Inference criteria are decision rules for determining the detectability of effects (i.e. if an explanatory variable really affects an outcome variable). Establishing inference criteria requires making several choices about when to believe the estimated effect is “statistically significantly different” from the null hypothesis. We recommend clearly specifying and justifying answers to the following questions:

- What kind of standard errors will you use? Why are you using this kind of standard errors?
^{6} - Do you plan to do a one-tailed or two-tailed test?

- At what \(\alpha\) level will you reject the null hypothesis from a \(p\)-value?

- Do you have multiple hypotheses? If so, what procedure will you use to adjust for multiple comparisons?

You may choose to use several procedures for inference criteria. For example, you may want to use both FWER and FDR adjustments for multiple comparisons and compare between the two. Or you may want to use \(p\)-values from randomization inference as a check on \(p\)-values from a null distribution assumed to be normal. If you choose to use several procedures, you should specify how you will interpret findings if different procedures come to different conclusions.

**Example:**

We use HC2 standard errors with our block-randomized experiment because it is equivalent to randomization-based Neyman variance estimator (Samii and Aronow 2012). We expect the treatment group to pay more city taxes than the control group, and therefore use a one-tailed test where \(H_1 > H_0\). We set \(\alpha = 0.05\) and will reject the null when the \(p\)-value is less than 0.05. Because we only have one confirmatory hypothesis, we do not adjust for multiple comparisons.

As a check on the HC2 standard errors, we also calculate \(p\)-values directly using randomization inference, with the difference-in-means as our test statistic.

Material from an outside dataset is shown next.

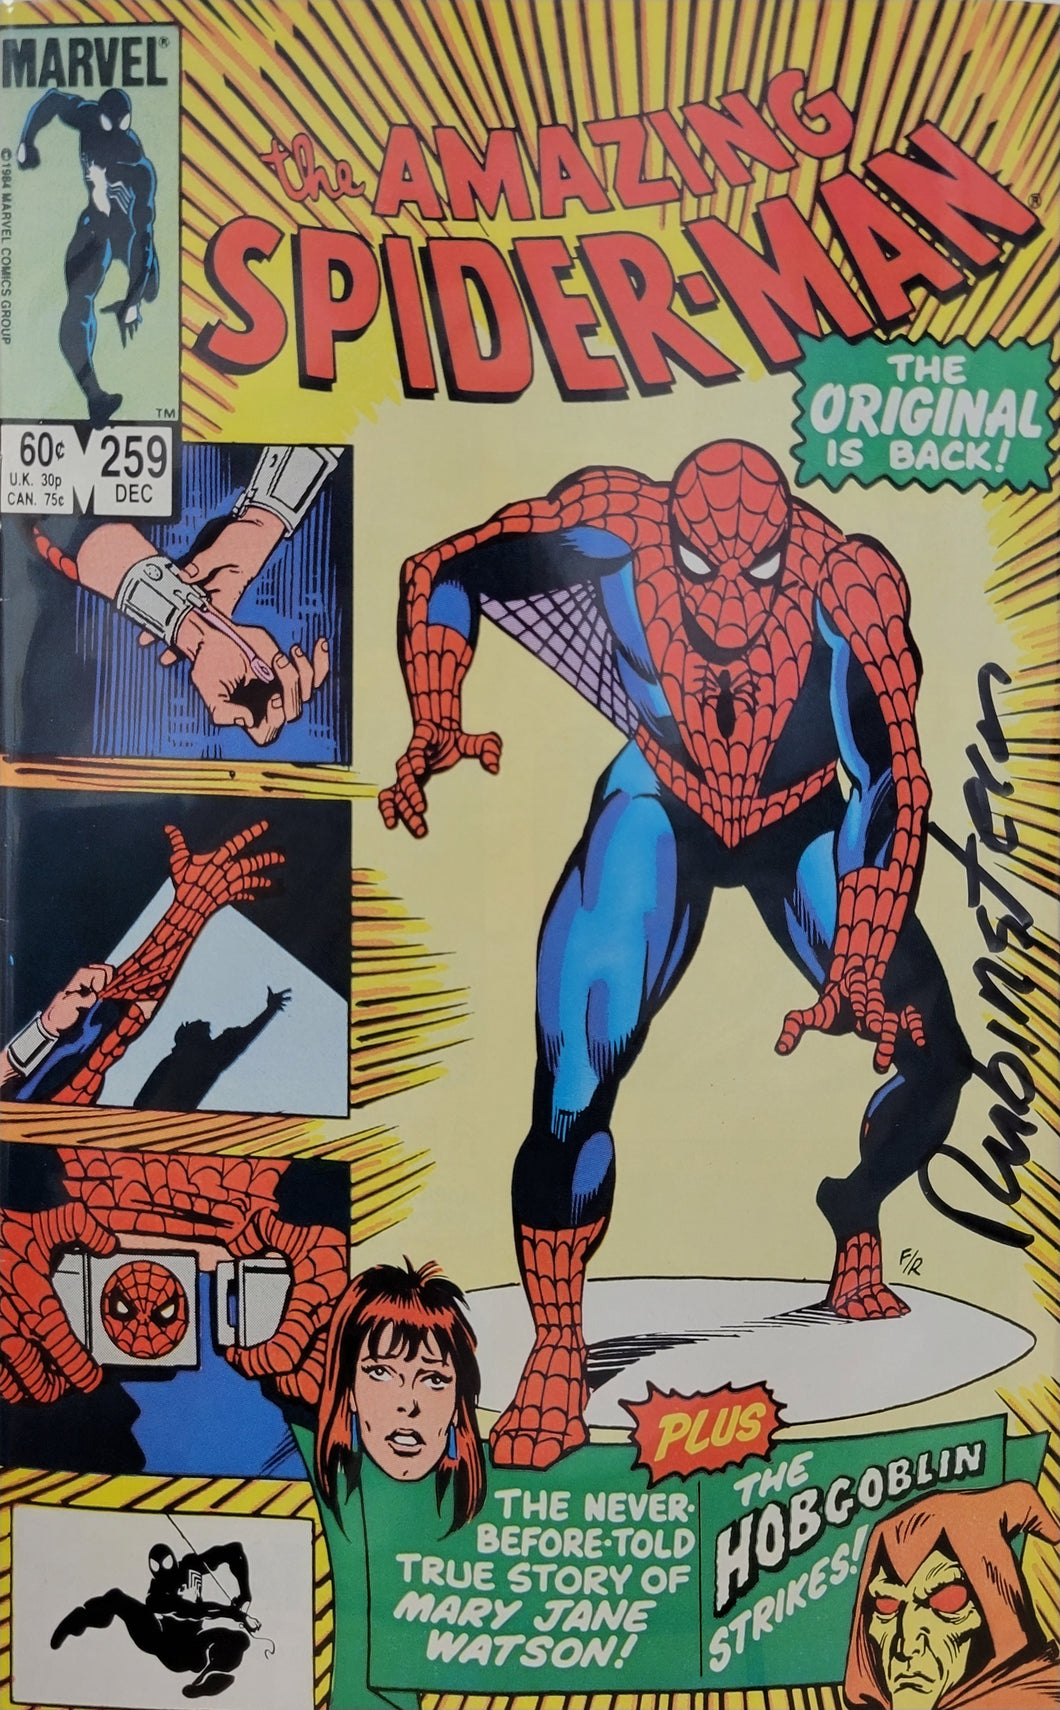 Amazing Spider-Man #259 Signed by Joe Rubinstein w/COA

Experiments and data collection often do not go the way that one expects or hopes. The PAP gives you an opportunity to think through what those issues might be, and specify how you plan to address them.

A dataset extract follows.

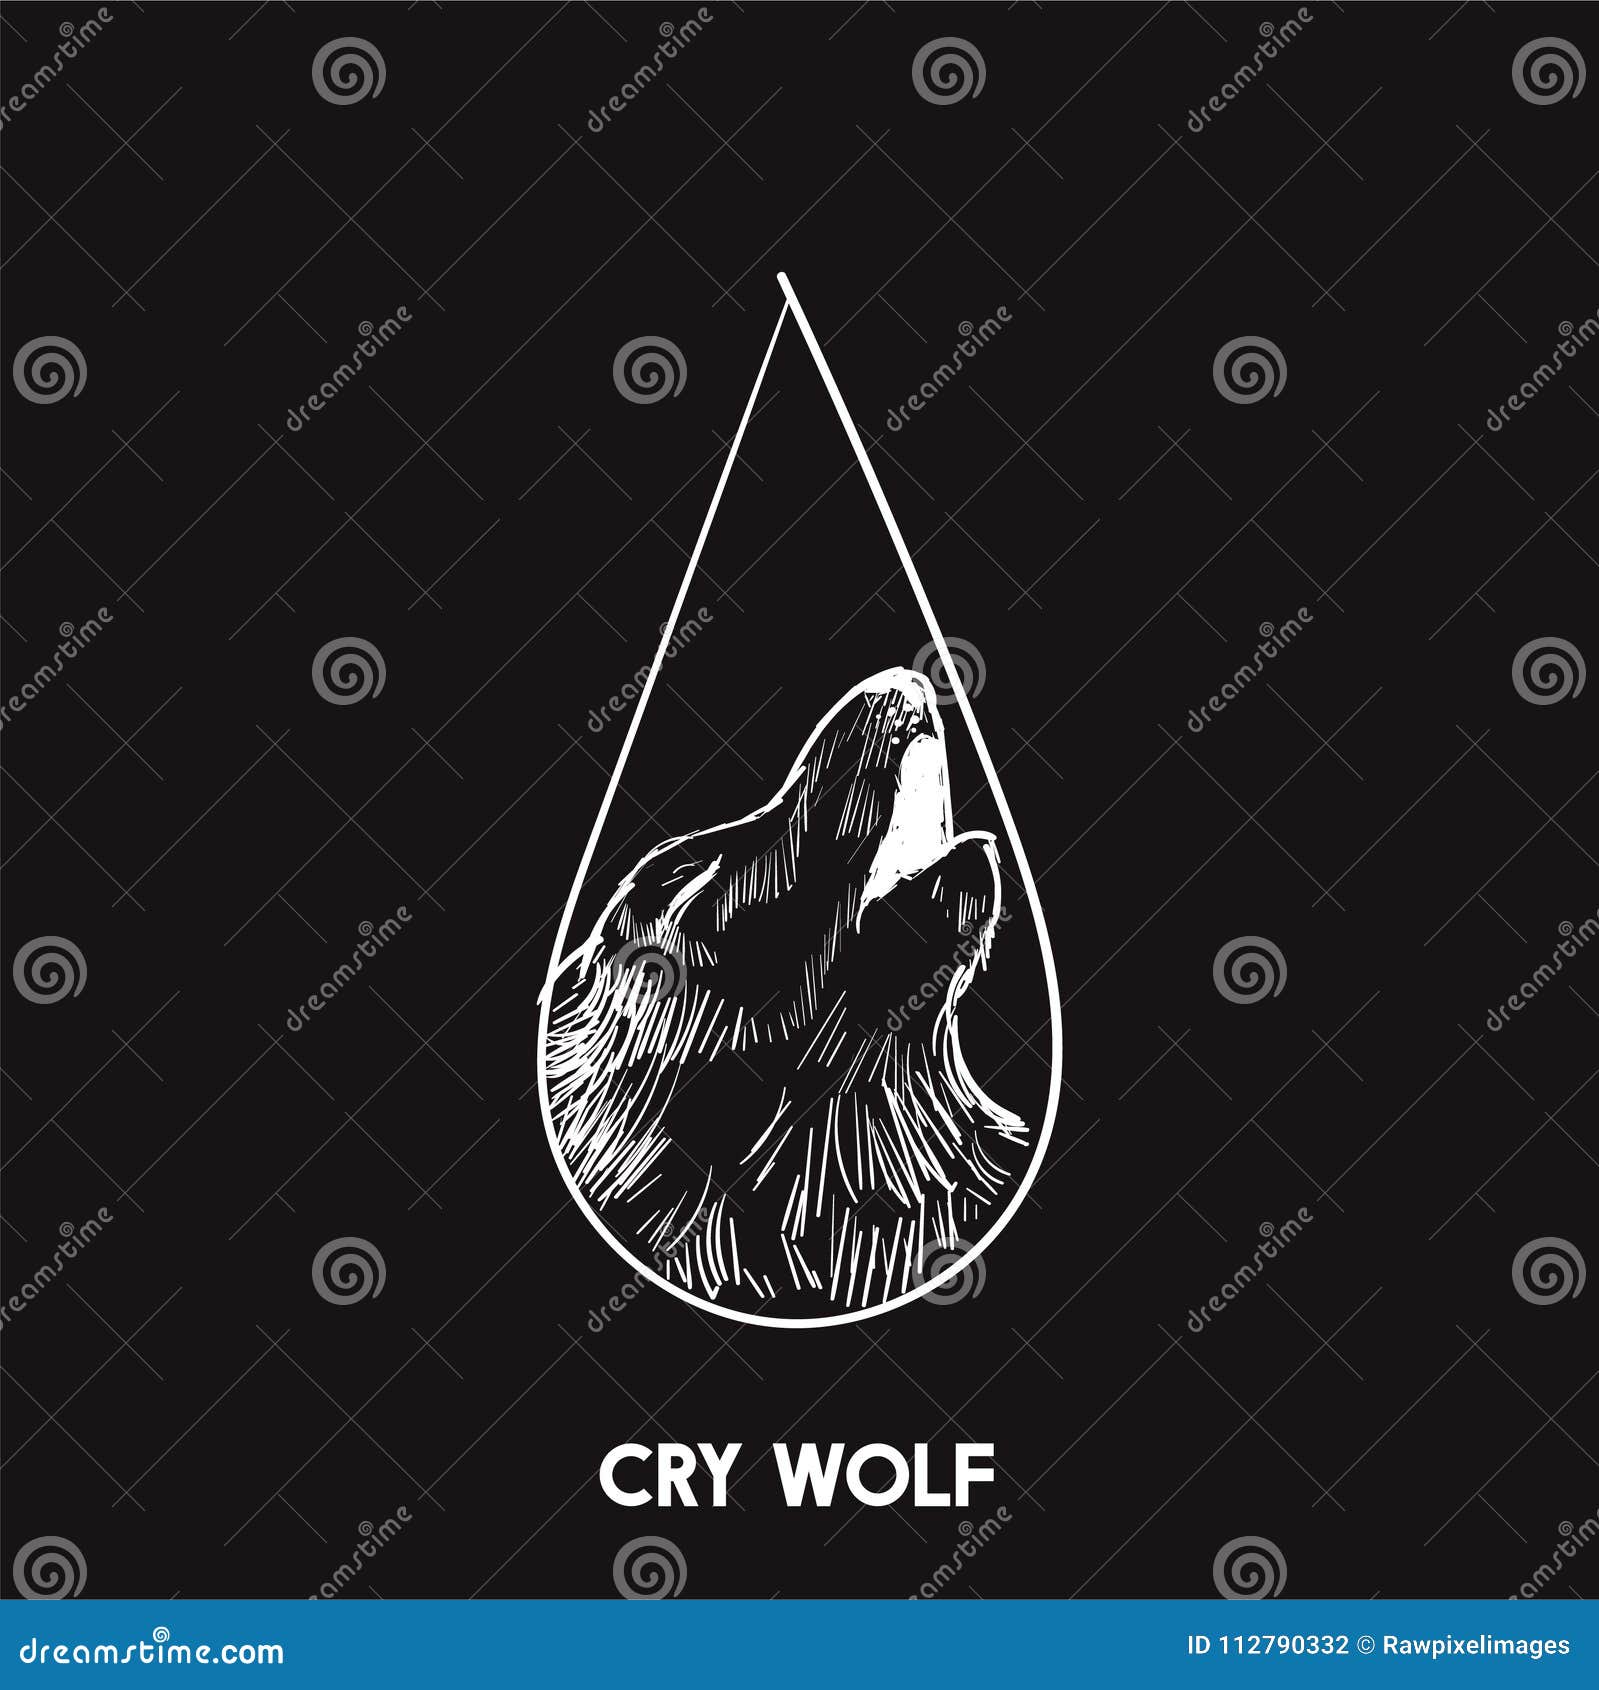  of cry wolf idiom

Two common data issues are (1) extreme data points and (2) missing data. **Extreme points** may represent a true outlier – a unit with outcomes much larger or smaller than other units – or may occur because of data collection errors. Survey tablets, recording tools, web scrapers, and other data collection tools may record extreme points due to technical glitches. It can be difficult to know whether extreme points represent true data collected or if they are due to data entry errors, but it is important to specify in the PAP when you expect to see data collection errors and the procedures to deal with extreme points.

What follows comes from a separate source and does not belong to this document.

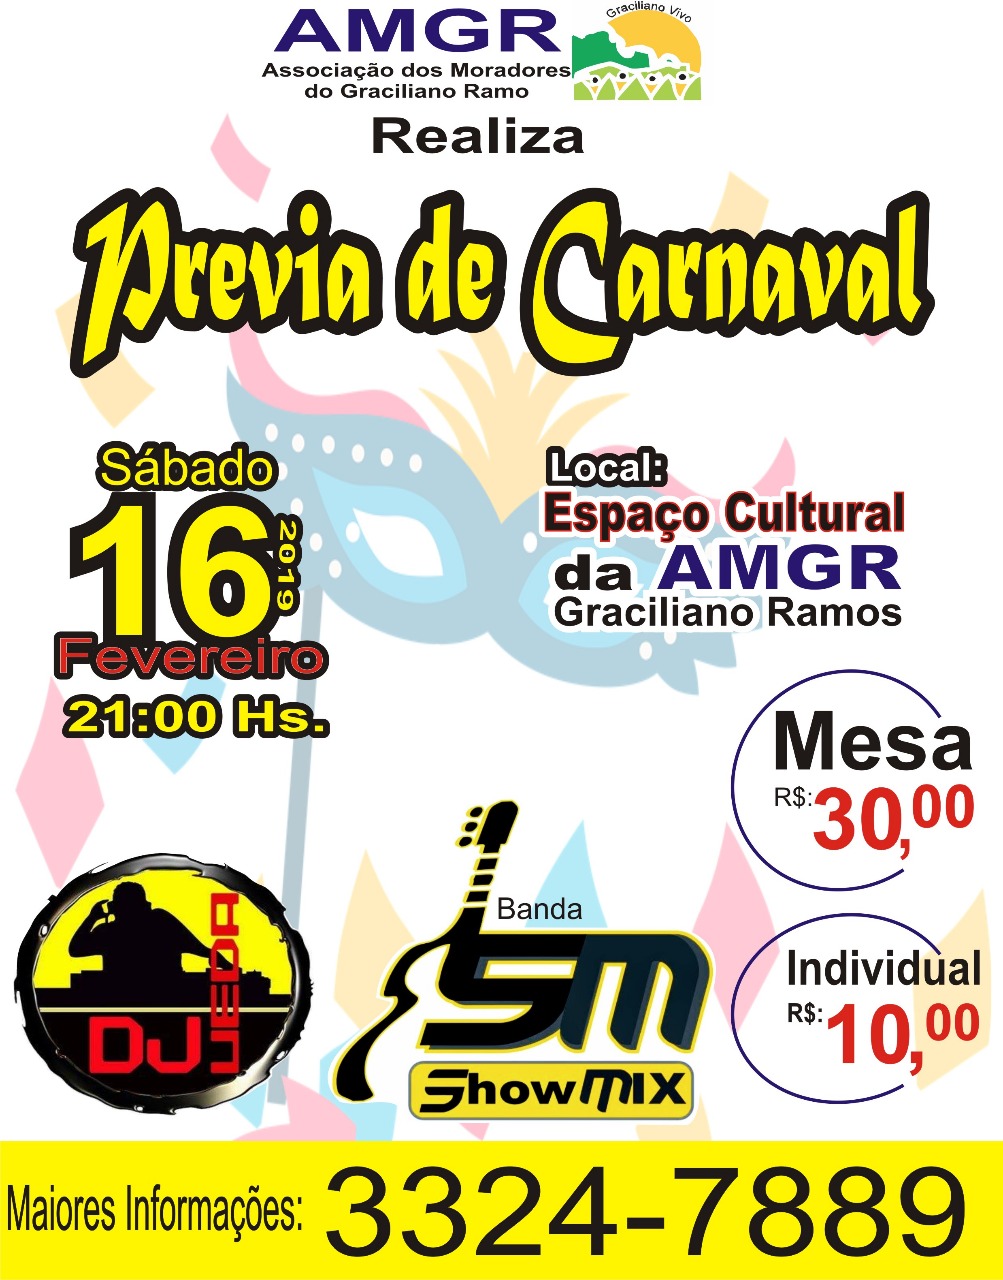 AMGR PRevia Carnaval 2019

**Missing data** can come in two forms: missing covariates and missing outcomes. It is also important to specify when you expect to see missing outcomes or covariate and the procedures to deal with them in your PAP. Extreme points/missingness that are random will be less problematic than extreme points/missingess that seem to have a pattern.

Common procedures to address missing data or extreme points are 1) bounds analysis; 2) imputation; 3) dropping observations. We recommend considering the following questions when determining which procedure you would like to use:

- What issues may cause these extreme data points/missing covariates/missing outcomes? What can you do ahead of time to mitigate these data issues?
- How would you assess if the extreme/missing data are plausibly random (i.e. do the extreme data points/missingness correlate with treatment, specific covariates/subgroups, or outcomes)?
- What procedures will you use to address extreme points/missingness and how do you justify using your procedure?
- If extreme/missing data are not random, we recommend including some kind of bounds analysis to determine the bounds of your estimate with extreme points/missing data. For example, extreme value bounds can help you determine the range of an average treatment effect by setting all missing outcomes in the treatment group with largest possible outcome and setting all missing outcomes in the control group with the smallest possible outcome (Gerber and Green 2012).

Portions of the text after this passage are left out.